Variable Default Meaning
PROJECT_ROOT script parent repo asc-devkit checkout to run.
ASCEND_HOME_DIR /usr/local/Ascend/ascend-toolkit/latest CANN toolkit root containing set_env.sh.
ARCH dav-2201 Target arch. Use dav-2201 for 910B and dav-3510 for 950.
PRIMARY_CARD 0 Main NPU card id used for the full run.
RETRY_CARDS empty Space-separated card ids for retrying timeout cases.
JOBS auto Parallel build workers. NPU mode uses a conservative CPU-count ladder; CPU-only mode uses ceil(CPU(s) / 4), capped at 64.
NPU_SLOTS 1 NPU queue concurrency. Keep 1 for watch runs.
CPU_RUN_SLOTS auto CPU-only run workers. auto uses host CPU(s) from lscpu. Ignored by NPU mode.
MAKE_JOBS auto Per-case make -j limit. auto uses CPU(s) / resolved JOBS; explicit make -j commands are capped by the presmoke wrapper.
TIMEOUT 120 Timeout in seconds for NPU run commands. Build and verify commands do not use this timeout.
CPU_RUN_TIMEOUT 300 Timeout in seconds for CPU run commands. Increase this when CPU-only validation is slower than expected.
SCHEDULE fixed Case submit order. Watch runs should use fixed.
SCHEDULE_FILE built-in Optional fixed order override.
OUT_ROOT presmoke_reports/presmoke_<arch>_<timestamp> Output directory for CI archive.
RUNNER_MODE case-runner Default runner implementation.
MODES npu Presmoke modes.
MODE unset Alias used only when MODES is unset.

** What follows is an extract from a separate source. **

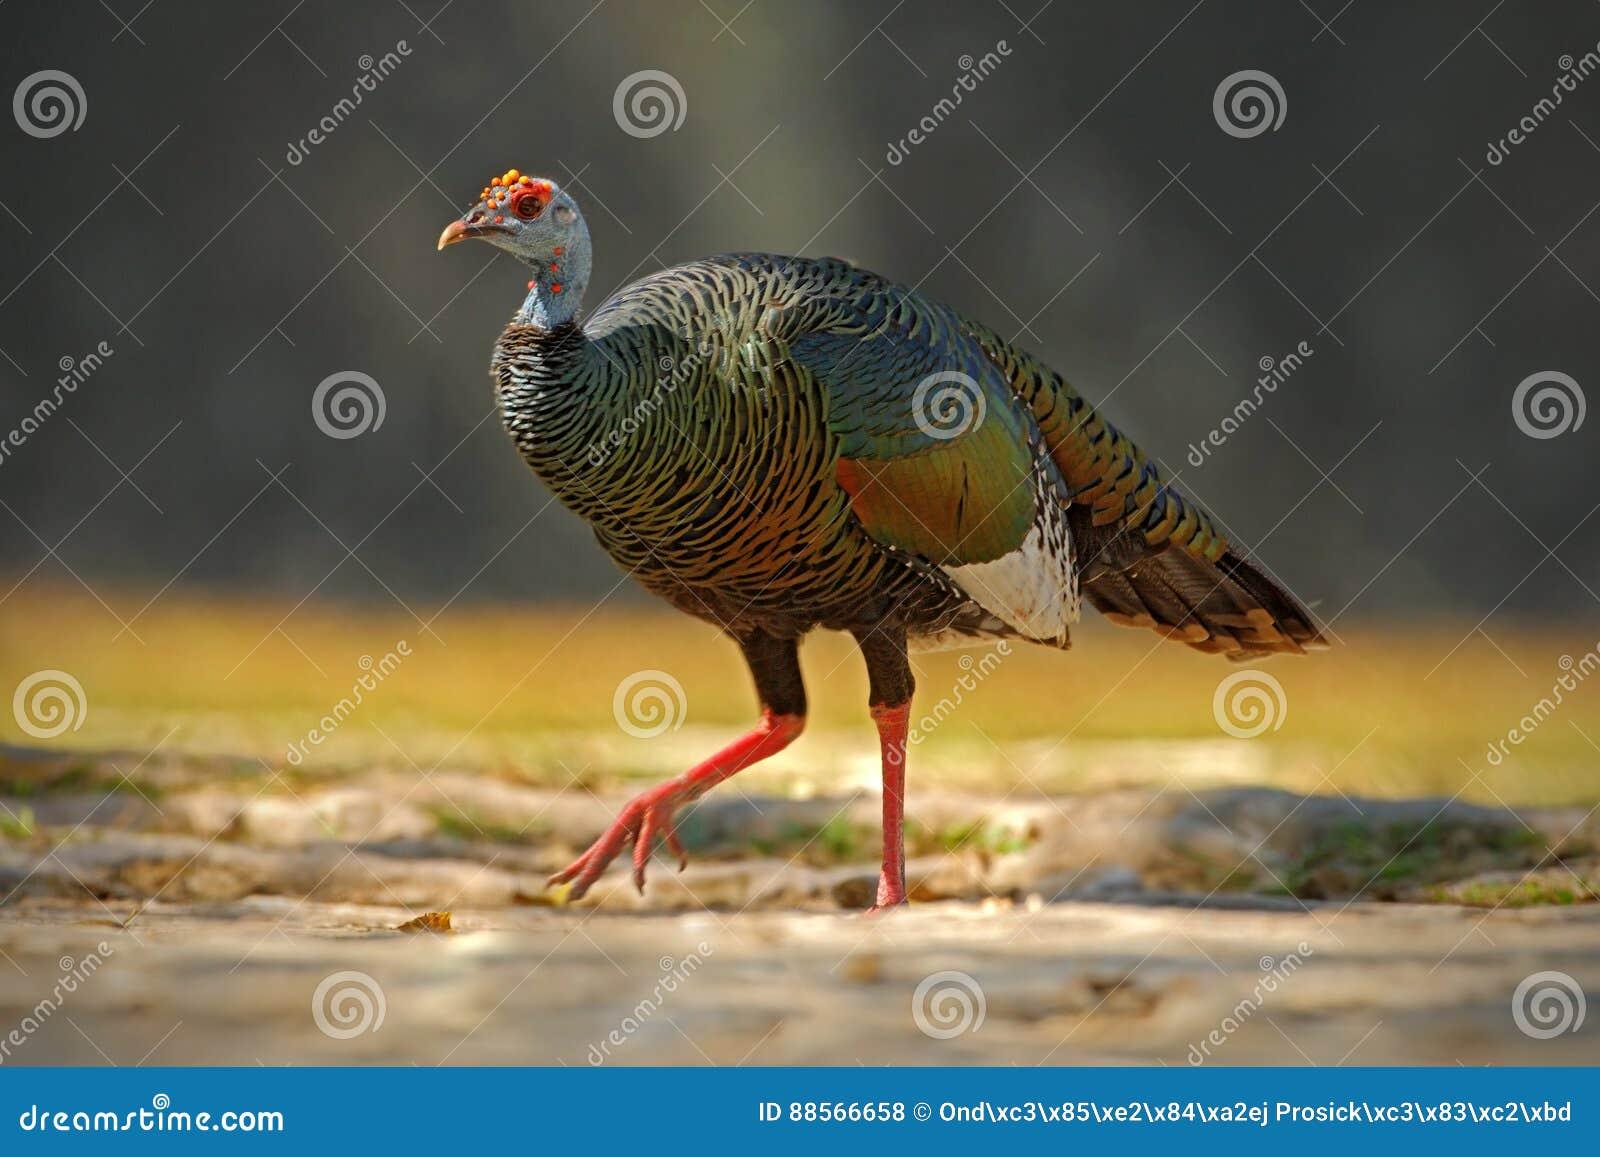 Nett Truthahn Zum Färben Fotos - Malvorlagen Von Tieren - ngadi.info

For example, MODE=cpu.

CPU debug mode is opt-in. Use MODES=cpu or MODE=cpu; the default watch path remains npu. CPU mode does not use the NPU fixed schedule unless SCHEDULE_FILE is explicitly provided.

For CPU mode, the default parallelism is computed from the host CPU count instead of hard-coded for specific machines. For example, a 192-CPU host resolves to JOBS=48, MAKE_JOBS=4, and CPU_RUN_SLOTS=192; an 88-CPU host resolves to JOBS=22, MAKE_JOBS=4, and CPU_RUN_SLOTS=88.

Reports

The orchestrator writes:

  • status.txt: high-level progress and final location.
  • full_card<N>/meta.txt: env, card, elapsed time, and npu-smi snapshots.
  • full_card<N>/stdout.log and stderr.log: raw wrapper logs.
  • full_card<N>/results/report.json: machine-readable presmoke report.
  • full_card<N>/results/report.md: detailed Markdown report.
  • full_card<N>/results/logs/<case>__<mode>.log: full per-case command log.
  • full_card<N>/results/logs/stages/<case>__<mode>__<stage>.log: per-stage command logs for build, run, and verify.
  • FINAL_REPORT.md: concise summary with failures and retry results.
  • ALL_CASE_TIMINGS.tsv: per-case timing, NPU wait, step details, and executed commands.
  • FAILURES.tsv: failed or skipped primary results plus retry outcome.

Fixed Schedule

The default fixed schedules are:

  • scripts/presmoke/schedules/dav-2201_npu.txt
  • scripts/presmoke/schedules/dav-3510_npu.txt

They preserve the required custom-op ordering:

  • custom_op_static_lib runs before custom_op.
  • parallel_ops_package runs after custom_op_static_lib.
  • aclnn, aclop, onnx, tensorflow, and tiling_sink run after custom_op.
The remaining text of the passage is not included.